[Data extracted from a collection]
──────

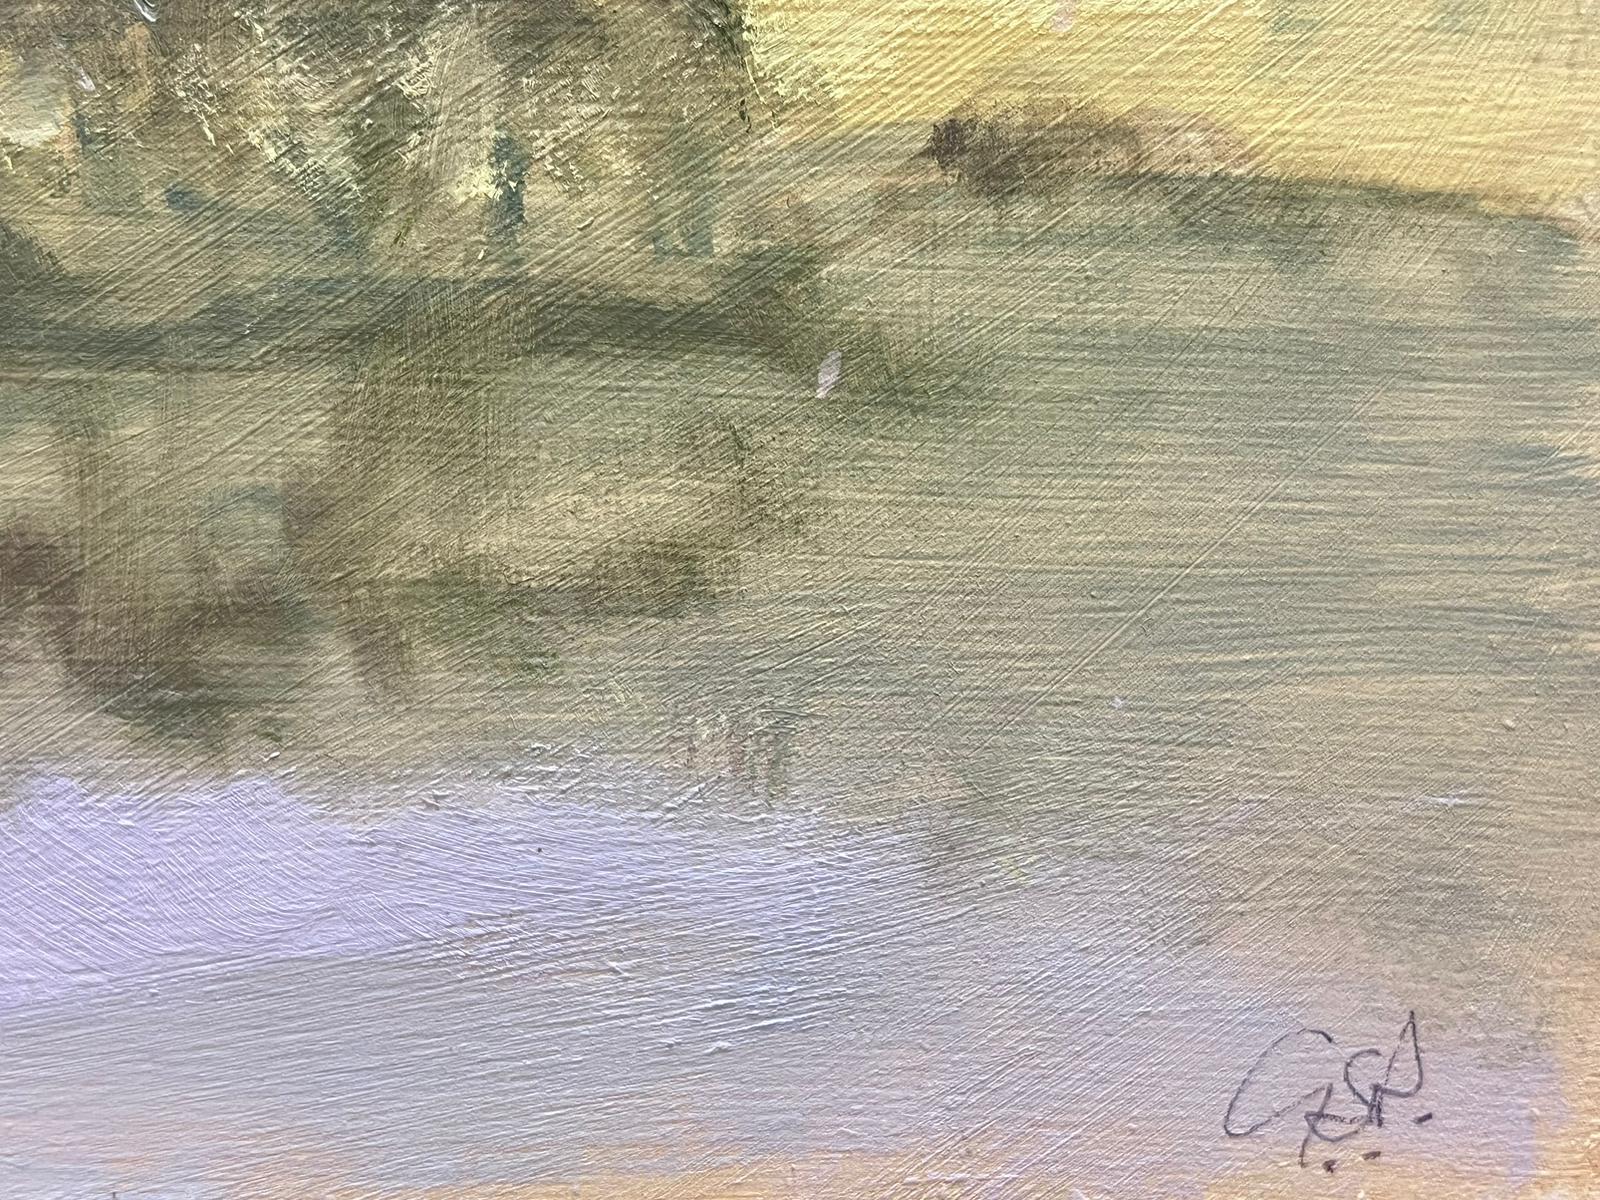 Landscape
signed by Geza Somerset-Paddon (British 20th century)
oil painting on board, unframed
size: 7.25 x 10 inches
condition: overall very good
inscribed verso
provenance: all the paintings we have by this artist have come from their studio sale

──────

No picture belongs in the answer; the rest of the records must be repeated exactly.

#### Response to this task
 Landscape
signed by Geza Somerset-Paddon (British 20th century)
oil painting on board, unframed
size: 7.25 x 10 inches
condition: overall very good
inscribed verso
provenance: all the paintings we have by this artist have come from their studio sale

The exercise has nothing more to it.